▶ Dataset excerpt
§
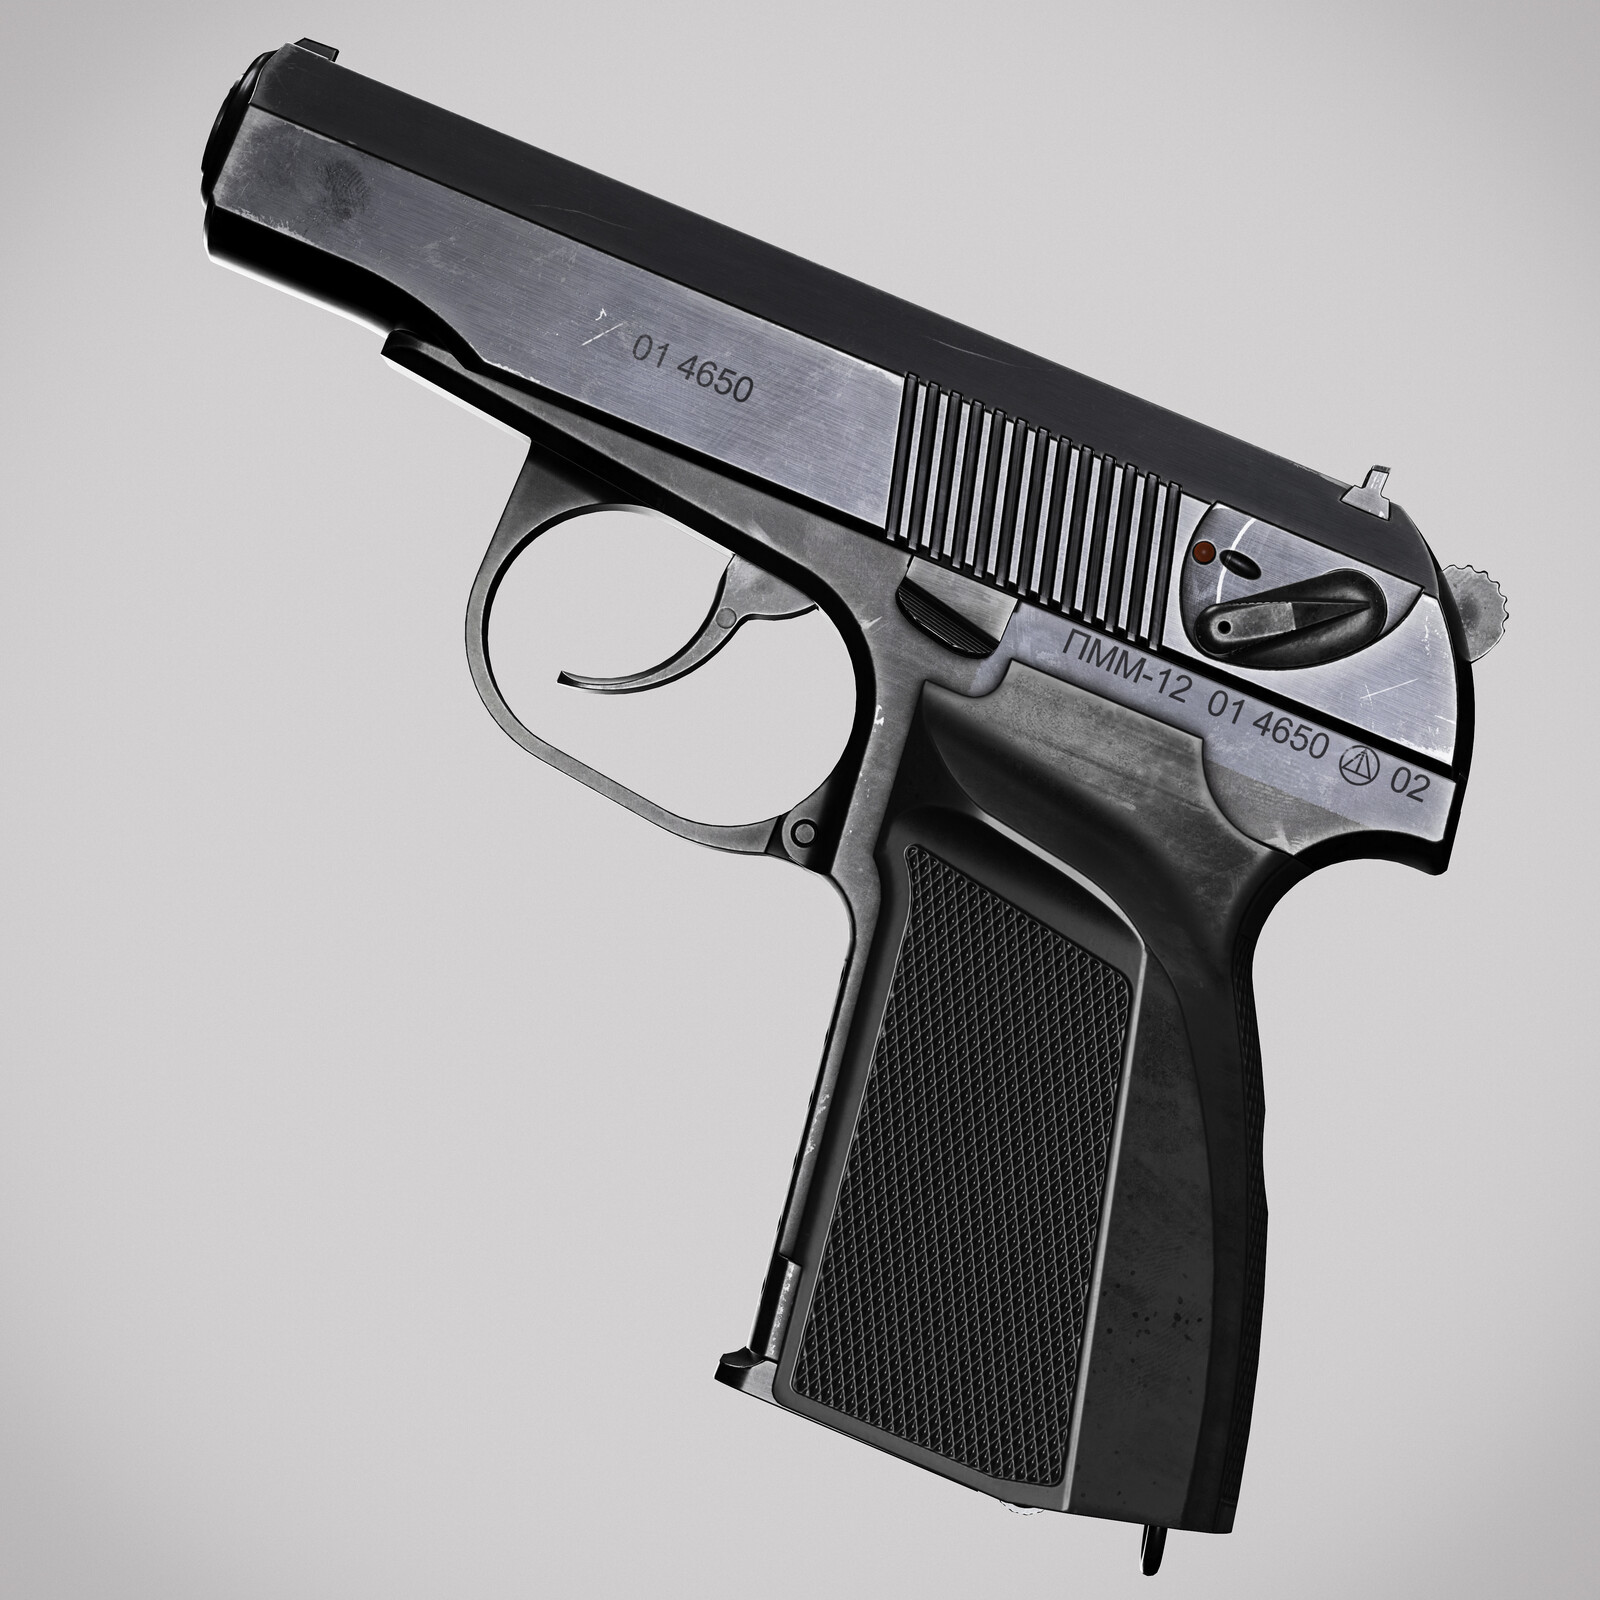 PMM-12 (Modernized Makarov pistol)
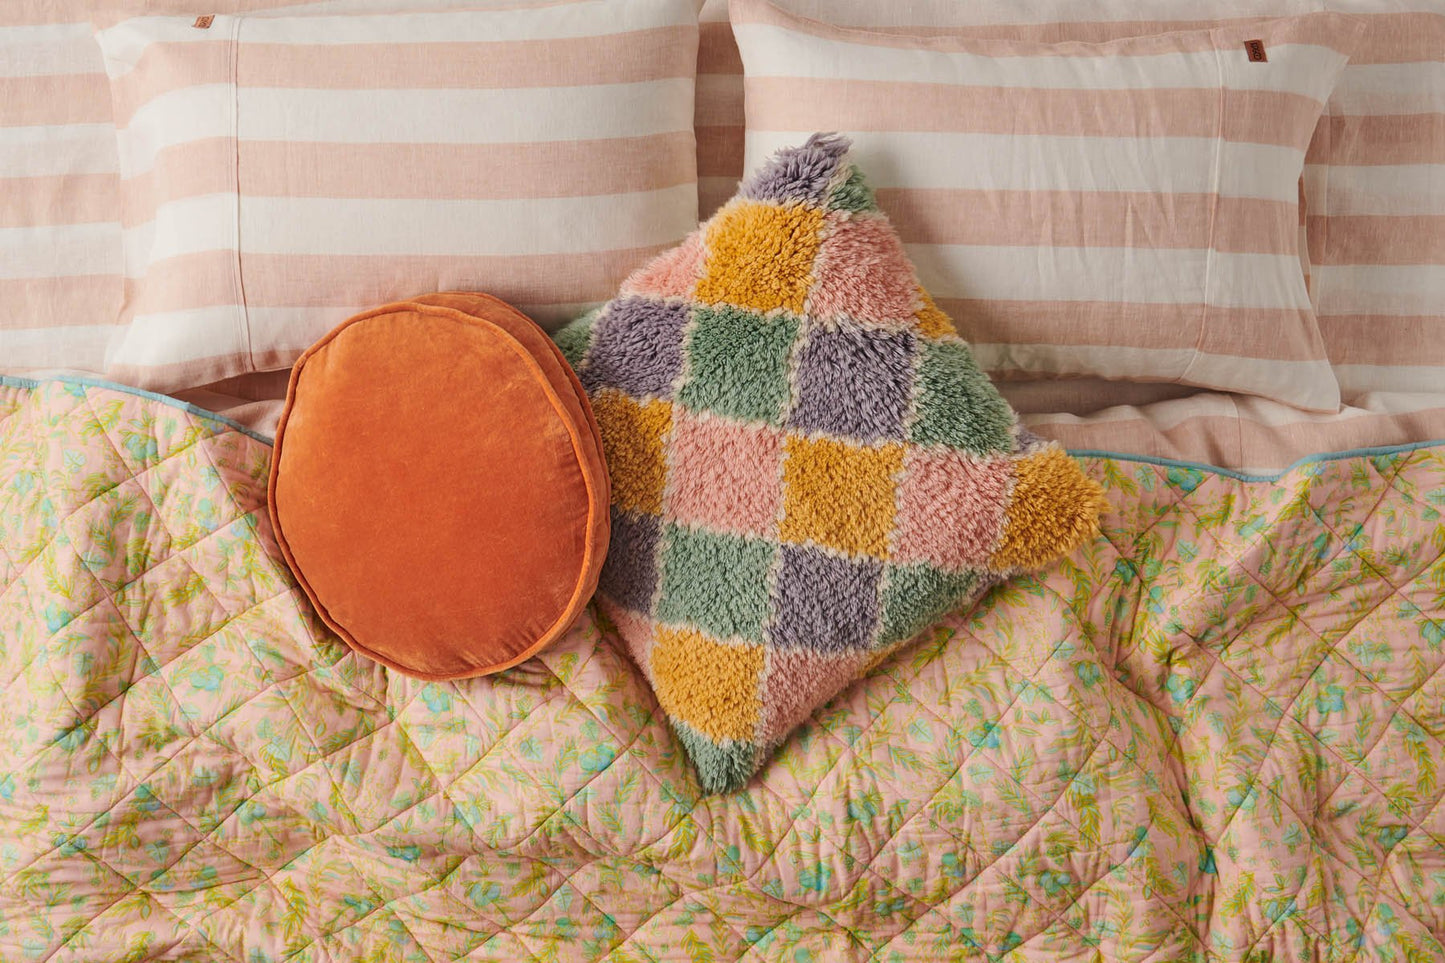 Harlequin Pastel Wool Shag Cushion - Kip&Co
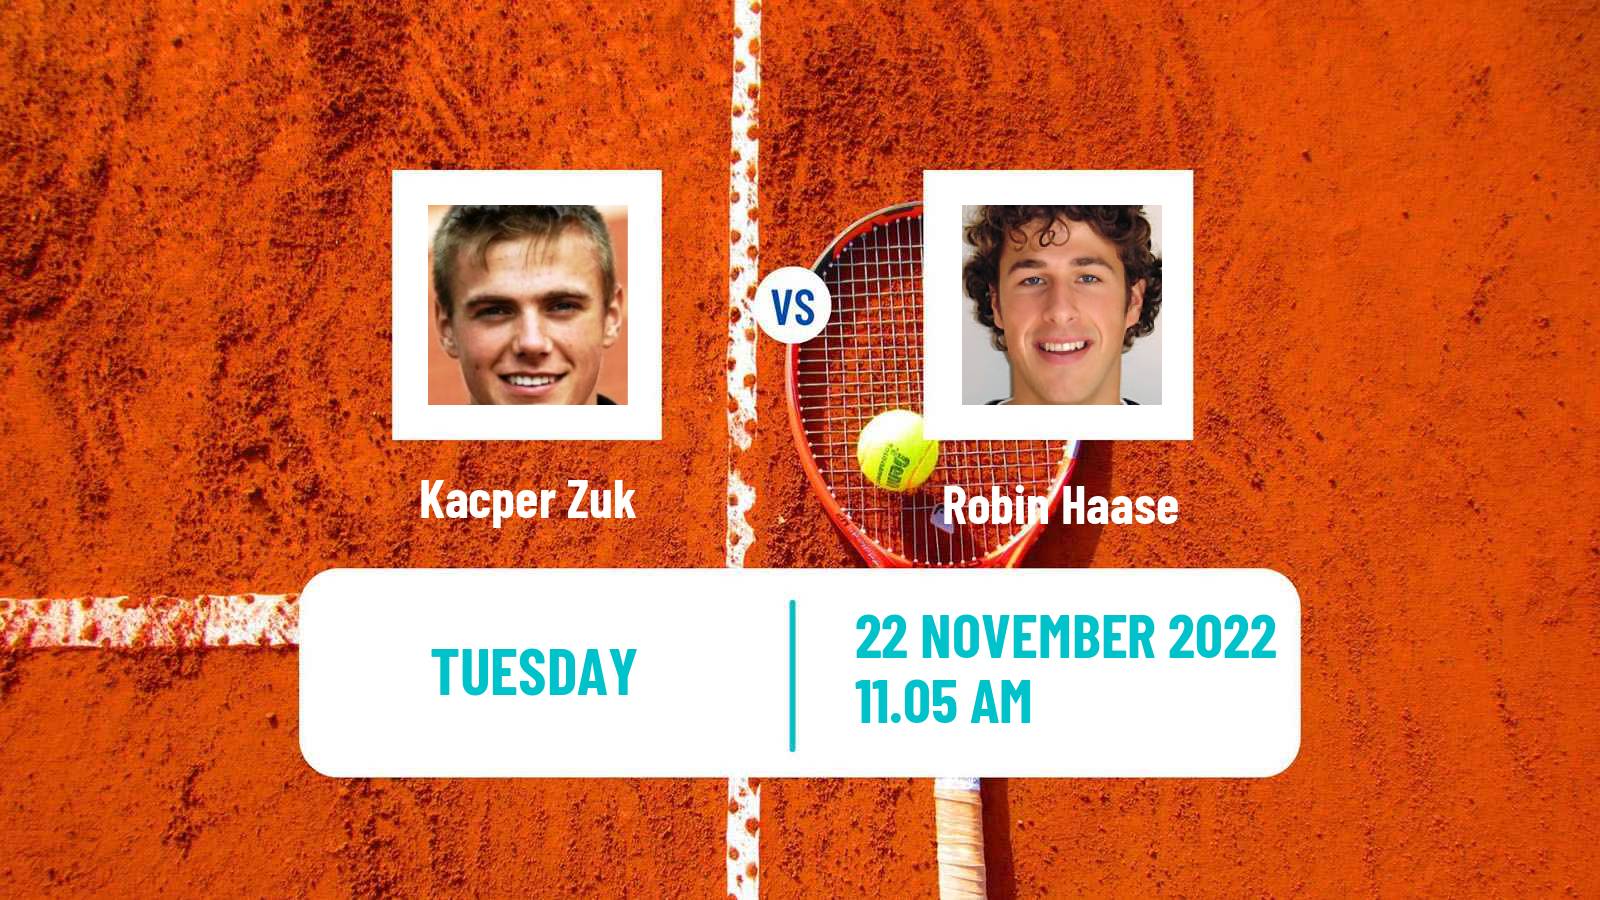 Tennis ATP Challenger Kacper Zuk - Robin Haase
§
▶ Exercise brief
Copy out all the data without changing anything, and drop the pictures.

▶ Response below
 PMM-12 (Modernized Makarov pistol)
 Harlequin Pastel Wool Shag Cushion - Kip&Co
 Tennis ATP Challenger Kacper Zuk - Robin Haase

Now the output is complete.